The front façade alone should tell you you’re in for something great.

There are so many cliché ways to be a tourist in Boston, primary among them the Freedom Trail. I recommend getting out of Boston proper and seeing Cambridge, with its many storied university campuses. But even then, most approaches to Cambridge are clichéd.

I’ve got just the fix for that: the Harvard University Art Museums.

Located immediately to the east of Harvard Yard at the intersection of Quincy and Broadway, the Museum gets largely overlooked by folks eager to see the more typical features of Ivy League campuses. Little do they know the art treasures they are strolling past.

Monet, Renoir and all the great impressionists are heavily represented in the Wertheim Collection.

Monet, Renoir and all the great impressionists are heavily represented in the Wertheim Collection.

If you are a fan of 19th Century European painters, the Wertheim Collection will keep you intrigued for hours. All the impressionists are represented in quantity. In addition to Van Gogh.

How can these paintings possibly be 2000 years old?

How can these paintings possibly be 2000 years old?

There’s also an impressive ancient Egyptian collection, with some intriguing portraits painted during the early Christian era. These look so incredibly vivid for being 2000 years old. You need to see them personally to appreciate it.

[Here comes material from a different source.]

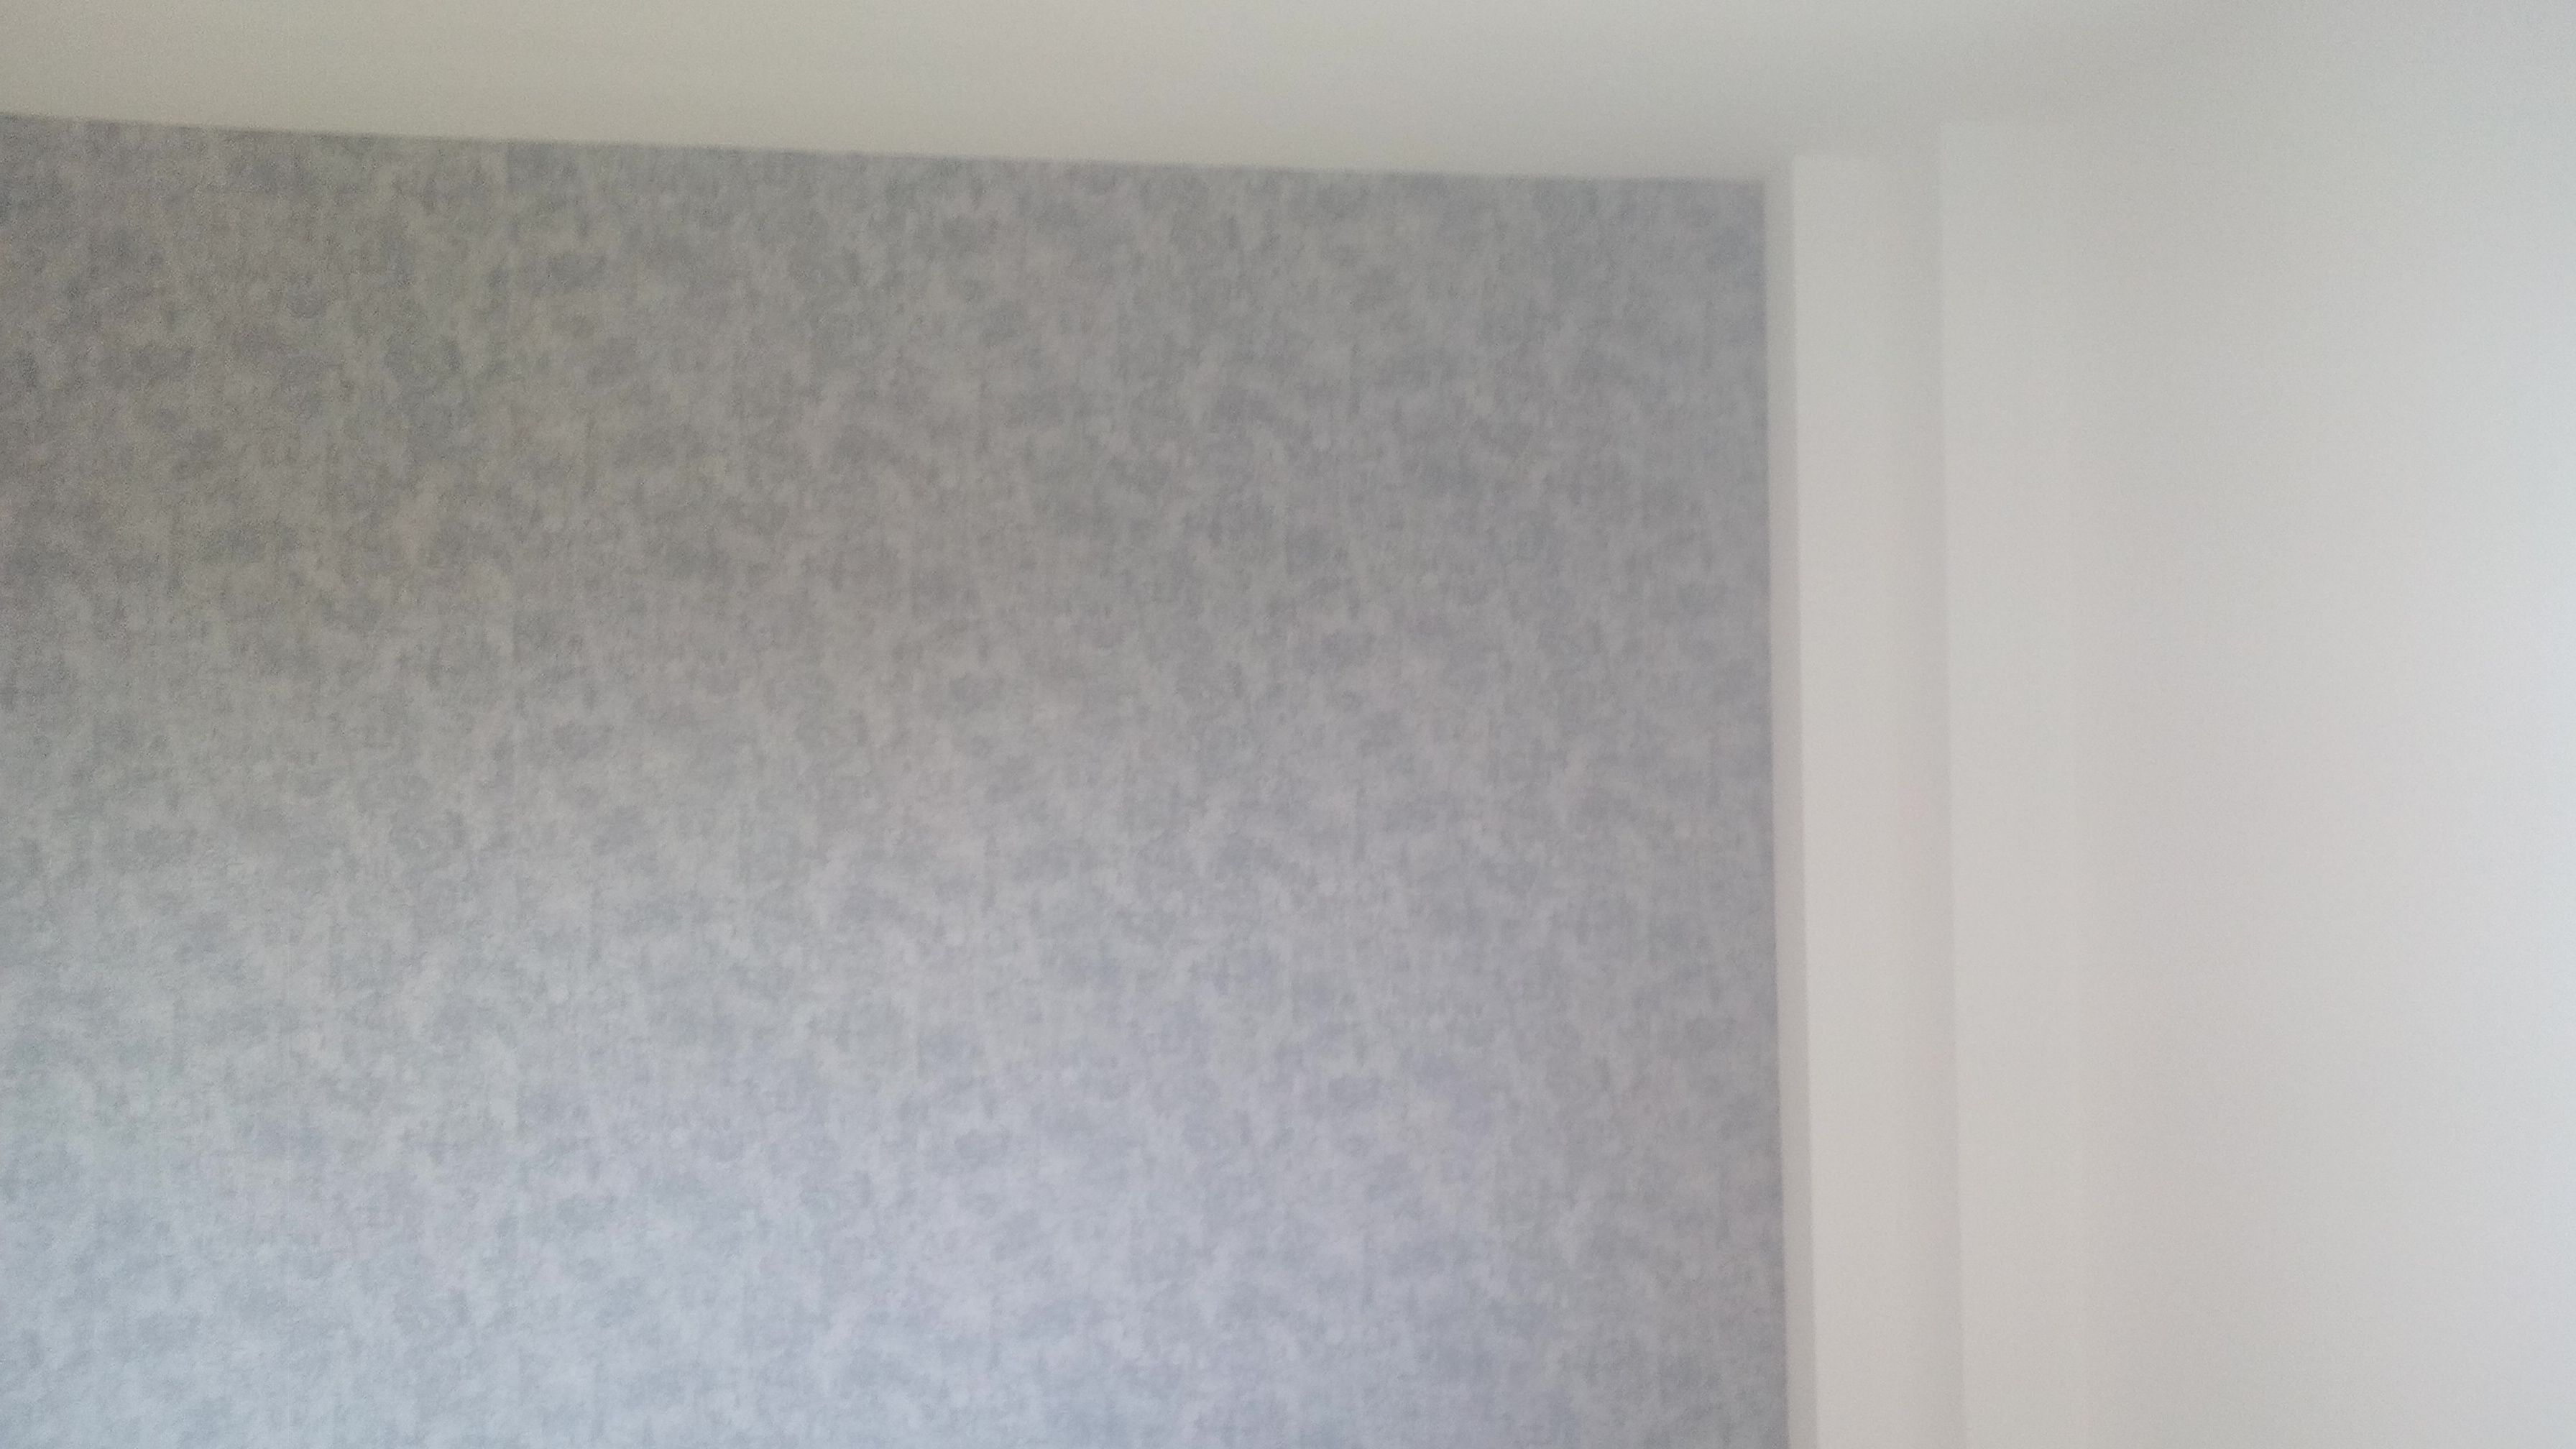 Pinturas urbano pintores en madrid pintor en madrid pintores madrid pintor madrid - Papel pintado gris ...

Museum courtyard and café.

Museum courtyard and café.

The museum courtyard features a nice little cafe, which serves food of mediocre quality, but in a setting very conducive to chatting with a friend about pieces you’ve just enjoyed. I took great pleasure in surveying my fellow café goers and feeling quite confident that I was likely the only non-local there.

George Washington by Charles Willson Peale

George Washington by Charles Willson Peale

My favorite piece is one of the George Washington portraits of Charles Willson Peale. Students of American art history will recognize his name as arguably the first great American painter.